Homework 1: Quarto, Basic Syntax and Data Importing
Spring 2024 MATH/COSC 3570 Introduction to Data Science by Dr. Cheng-Han Yu
Author
Insert Your Name!!
Published
May 2, 2024
1 Autobiography
Please introduce yourself. You can share anything, your hometown, major, family, hobbies, working experience, honors and awards, special skills, etc, yes anything! Your autobiography should include:
At least two paragraphs (Paragraphs are separated by a blank line)
Bold text
Italic text
Text with both bold AND italic font (Not mentioned in class, but you should be able to figure it out)
Clickable text with a hyperlink
Blockquote
Listed items
emoji (Add emoji to your writing by typing :EMOJICODE:, check emoji cheatsheet)
Use the chunk option results in the chunk labelled cat, so that the text output is “I love Marquette and Data Science!”.
cat("I love **Marquette** and *Data Science*!\n")
I love **Marquette** and *Data Science*!
We can re-use a code chunk by using its name! Please create a code chunk and use the option #| label: photo to run the code in the code chunk named photo. Note that the chunk options are not carried.
3 Basic R
3.1 Vector
Use the built-in data set LakeHuron.
Find the number of data values in LakeHuron.
What is the highest and lowest level (in feet) of LakeHuron during the 1875-1972 period?
Return a logical vector that shows whether the lake level is higher than the average level or not.
Return years that have higher level than the average.
3.2 Data Frame
Make the mtcars dataset as a tibble using as_tibble(). Call it tbl.
Print the sub data of tbl that contains the 11th to 15th rows and the last three columns.
Grab the second and the third columns of tbl using list method and their name. (Do NOT use matrix method, and their index)
Extract the fourth column of tbl as a numerical vector.
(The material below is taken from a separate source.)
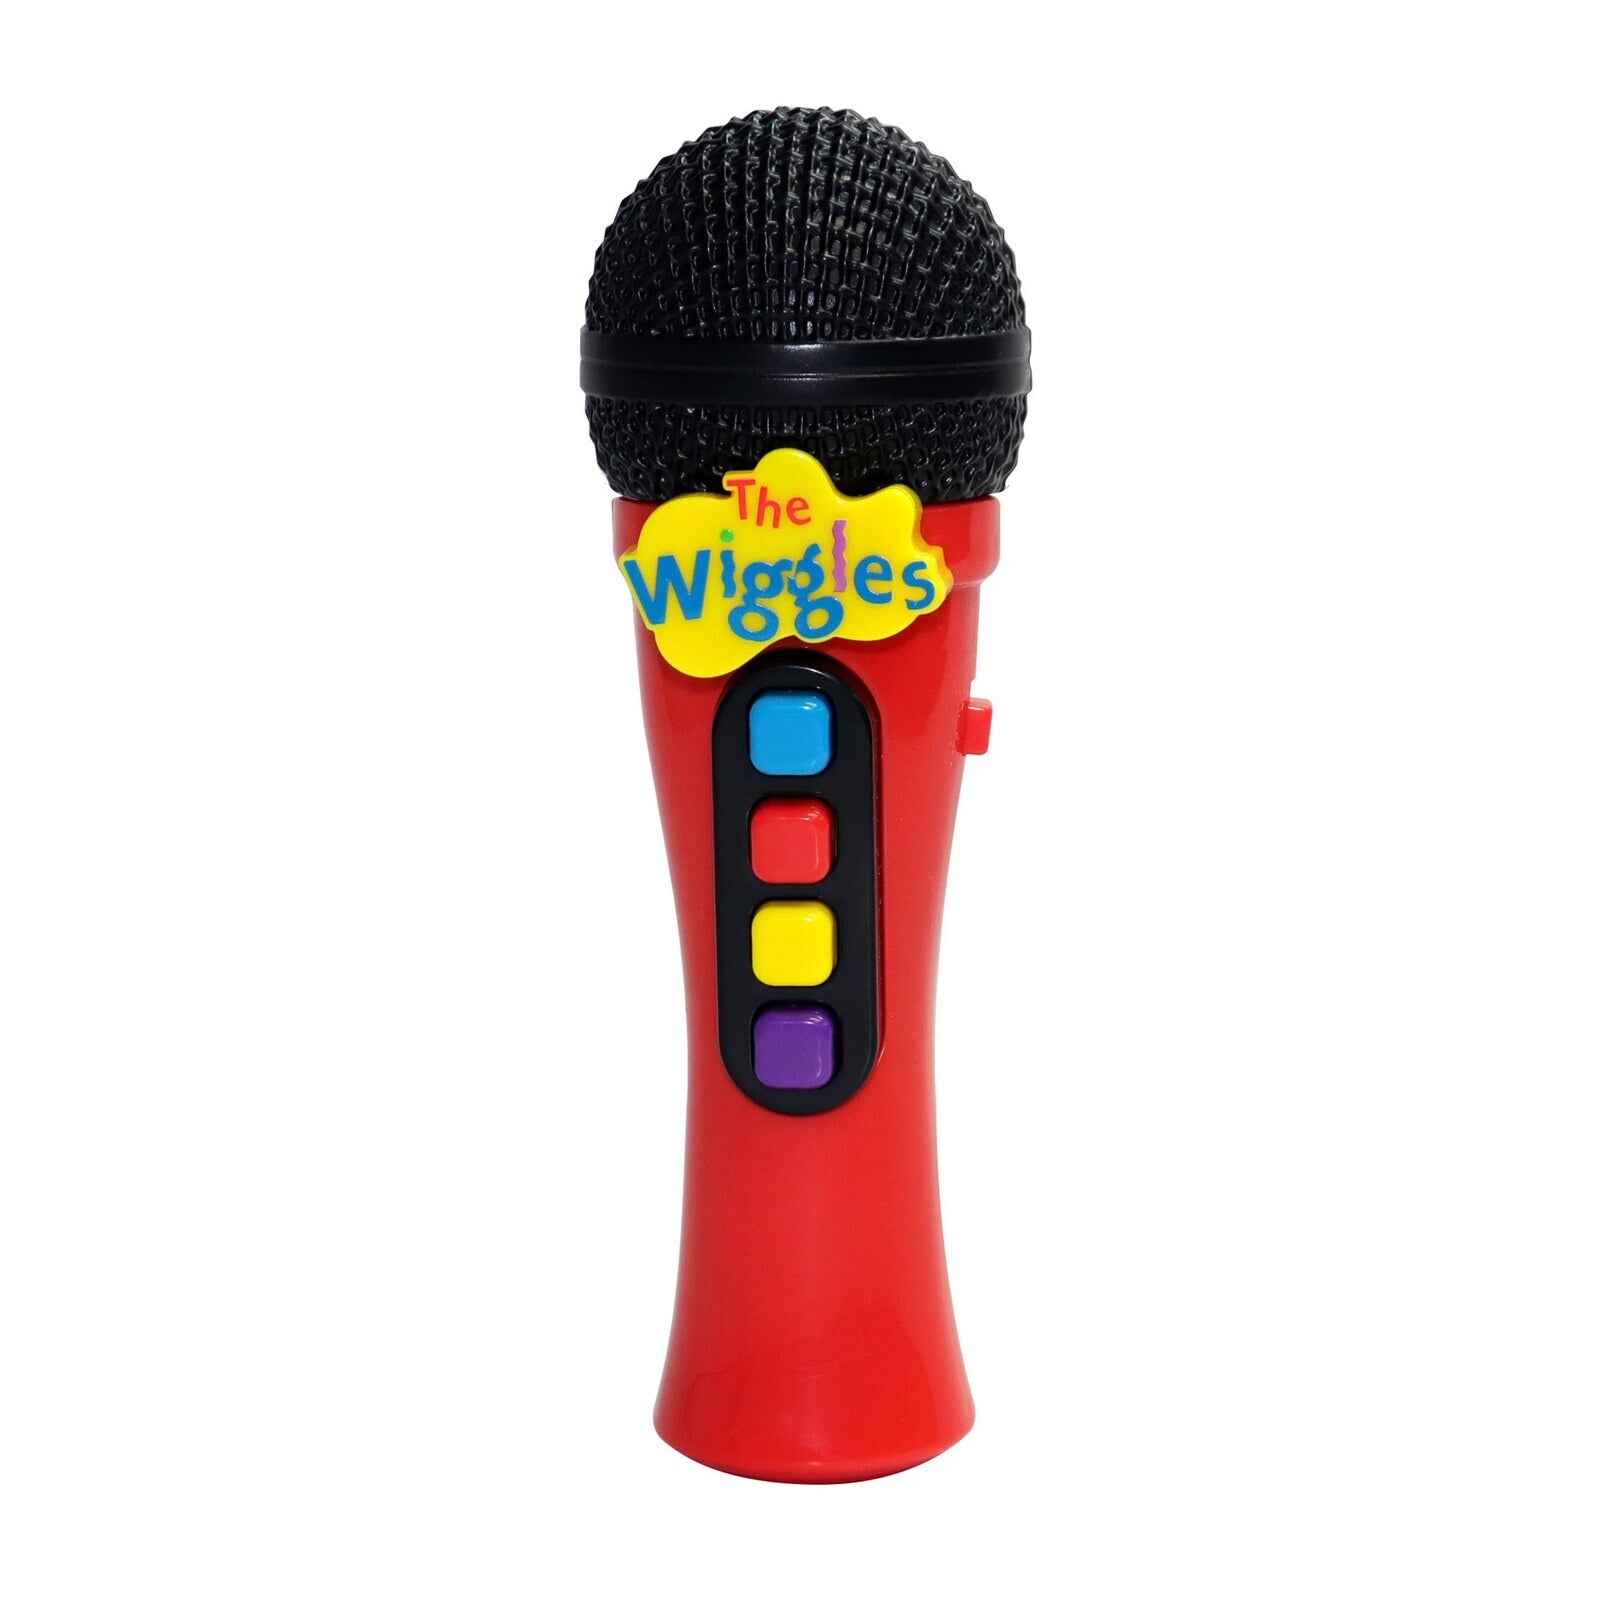 The Wiggles - Sing Along Microphone

Start with tbl, use the pipe operator |> to do the followings sequentially.
extract the first 10 observations (rows)
find the column names
sort the columns names using sort() in a decreasing order. (alphabetically from z to a)
3.3 Data Importing
Read the data sales.xlsx from the data folder. Use arguments sheet, skip and col_names so that the output looks like
# A tibble: 9 x 2
id n
<chr> <chr>
1 Brand 1 n
2 1234 8
3 8721 2
4 1822 3
5 Brand 2 n
6 3333 1
# … with 3 more rows
Read in the favourite-food.xlsx file from the data folder and call the data fav_food. Use the argument na to treat “N/A” and “99999” as a missing value. Print the data out.
4 Basic Python
import numpy as npimport pandas as pd
4.1 Data Frame
Import the data set mtcars.csv using pd.read_csv(). Then print the first five rows.
Use method .iloc to obtain the first and fourth rows, and the second and third columns. Name the data dfcar.
Set the row names of dfcar to Mazda and Hornet.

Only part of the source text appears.